Information for Healthcare Providers: COVID-19 and Pregnant Women
Frequently Asked Questions and Answers
We do not have information from published scientific reports about susceptibility of pregnant women to COVID-19. Pregnant women experience immunologic and physiologic changes which might make them more susceptible to viral respiratory infections, including COVID-19. Pregnant women also might be at risk for severe illness, morbidity, or mortality compared to the general population as observed in cases of other related coronavirus infections [including severe acute respiratory syndrome coronavirus (SARS-CoV)* and Middle East respiratory syndrome coronavirus (MERS-CoV)] and other viral respiratory infections, such as influenza, during pregnancy.
Pregnant women should engage in usual preventive actions to avoid infection like washing hands often and avoiding people who are sick.
We do not have information on adverse pregnancy outcomes in pregnant women with COVID-19. Pregnancy loss, including miscarriage and stillbirth, has been observed in cases of infection with other related coronaviruses [SARS-CoV and Middle East respiratory syndrome coronavirus (MERS-CoV)] during pregnancy. High fevers during the first trimester of pregnancy can increase the risk of certain birth defects.
Pregnant healthcare personnel (HCP) should follow risk assessment and infection control guidelines for HCP exposed to patients with suspected or confirmed COVID-19. Adherence to recommended infection prevention and control practices is an important part of protecting all HCP in healthcare settings. Information on COVID-19 in pregnancy is very limited; facilities may want to consider limiting exposure of pregnant HCP to patients with confirmed or suspected COVID-19, especially during higher risk procedures (e.g., aerosol-generating procedures) if feasible based on staffing availability.

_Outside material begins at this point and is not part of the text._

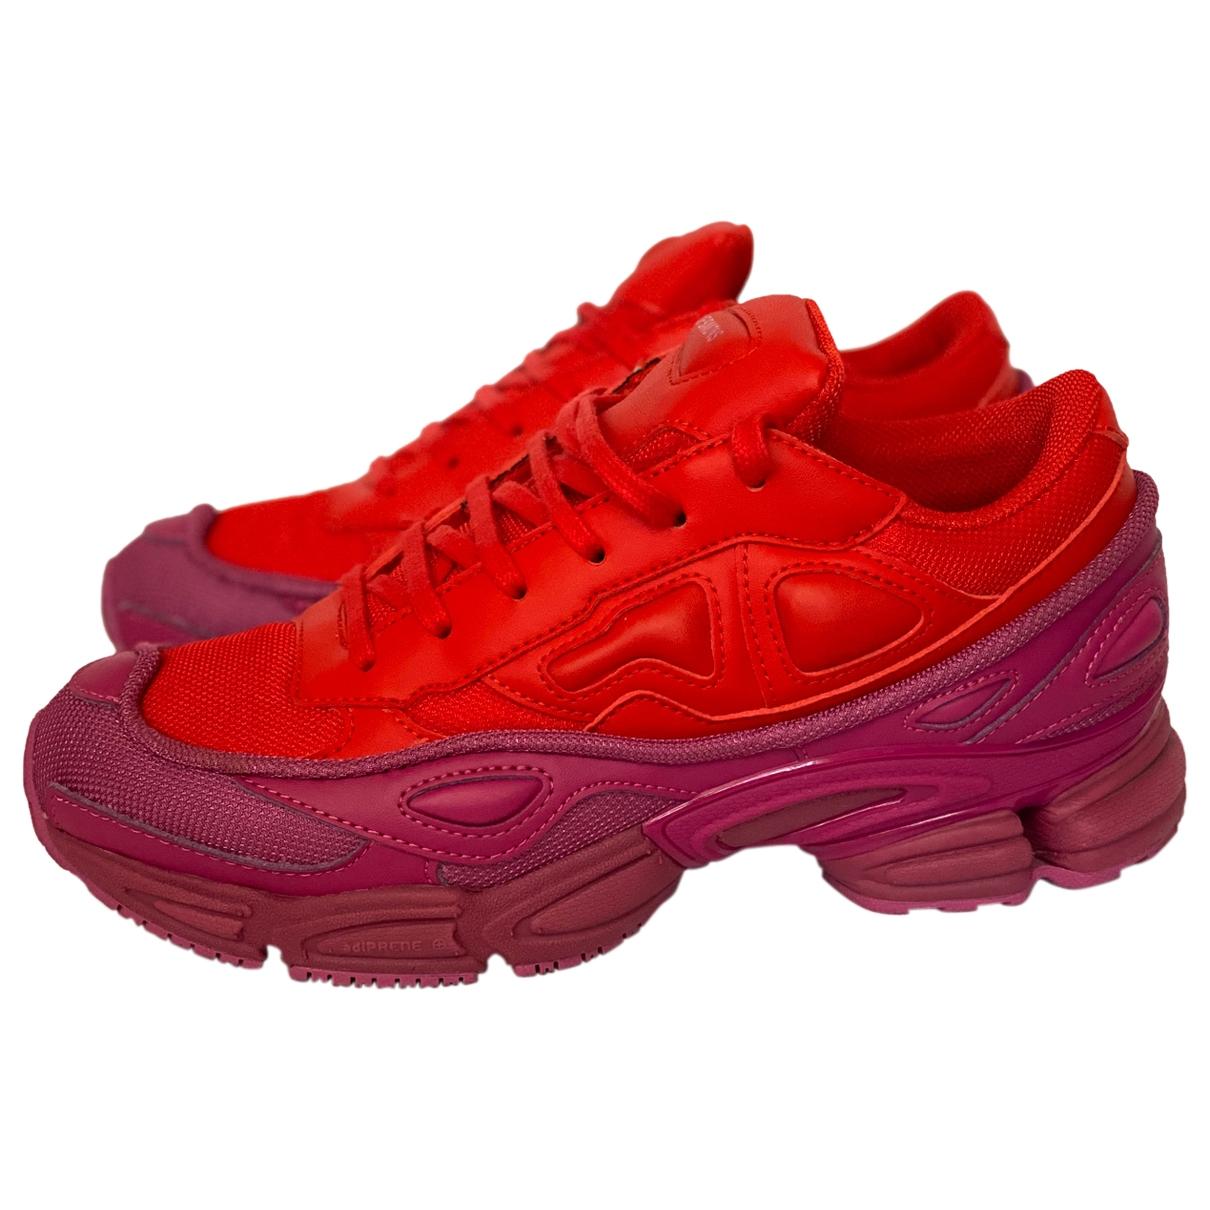 Adidas X Raf Simons Ozweego 2 Red Cloth Trainers for Women 38 EU

Vertical transmission includes transmission of a pathogen from a mother to her fetus or newborn before, during, or immediately after delivery. Transplacental transmission occurs during pregnancy when maternal viremia leads to transmission across the placenta (e.g., Zika virus). Perinatal transmission at the time of delivery can occur when the newborn comes into exposure with maternal bodily fluids during delivery (e.g., as occurs with herpes simplex virus [HSV]), through transmission of infectious virus through the breastmilk (e.g., as occurs with HIV), or other bodily fluids (e.g., as occurs with group B Streptococcus and vaginal fluids, influenza viruses and respiratory droplets), and some pathogens are transmitted by multiple routes.
In limited recent case series of infants born to mothers with COVID-19 published in the peer-reviewed literature, none of the infants have tested positive for SARS-CoV-2.* Additionally, virus was not detected in samples of amniotic fluid.
Limited information is available about vertical transmission for other coronaviruses (MERS-CoV and SARS-CoV) but vertical transmission has not been reported for these infections.
Based on limited case reports, adverse infant outcomes (e.g., preterm birth) have been reported among infants born to mothers positive for COVID-19 during pregnancy. However, it is not clear that these outcomes were related to maternal infection, and at this time the risk of adverse infant outcomes is not known. Given the limited data available related to COVID-19 during pregnancy, knowledge of adverse outcomes from other respiratory viral infections may provide some information. For example, other respiratory viral infections during pregnancy, such as influenza, have been associated with adverse neonatal outcomes, including low birth weight and preterm birth. Additionally, having a cold or influenza with high fever early in pregnancy may increase the risk of certain birth defects. Infants born preterm and/or small for gestational age have been reported among infants born to mothers with other coronavirus infections, SARS-CoV and MERS-CoV, during pregnancy.
At this time, there is no information on long-term health effects on infants either with COVID-19, or those exposed to SARS-CoV-2 in utero. In general, prematurity and low birth weight are associated with adverse long-term health effects.
Current knowledge suggests that human-to-human transmission occurs by close contact with a person with confirmed COVID-19 mainly via respiratory droplets produced when a person with infection coughs, sneezes, or talks. Recent studies indicate that people who are infected but do not have symptoms likely also play a role in the spread of COVID-19. In limited case series reported to date, no evidence of virus has been found in the breast milk of women with COVID-19. No information is available on the transmission of SARS-CoV-2* through breast milk (i.e., infectious virus in the breast milk).
In limited reports of lactating women infected with SARS-CoV,* virus has not been detected in breast milk; however, antibodies against SARS-CoV were detected in at least one sample.
* SARS-CoV caused an outbreak in 2002-2003. The virus causing the current outbreak called SARS-CoV-2. As the name indicates, the viruses are related, however they are not the same.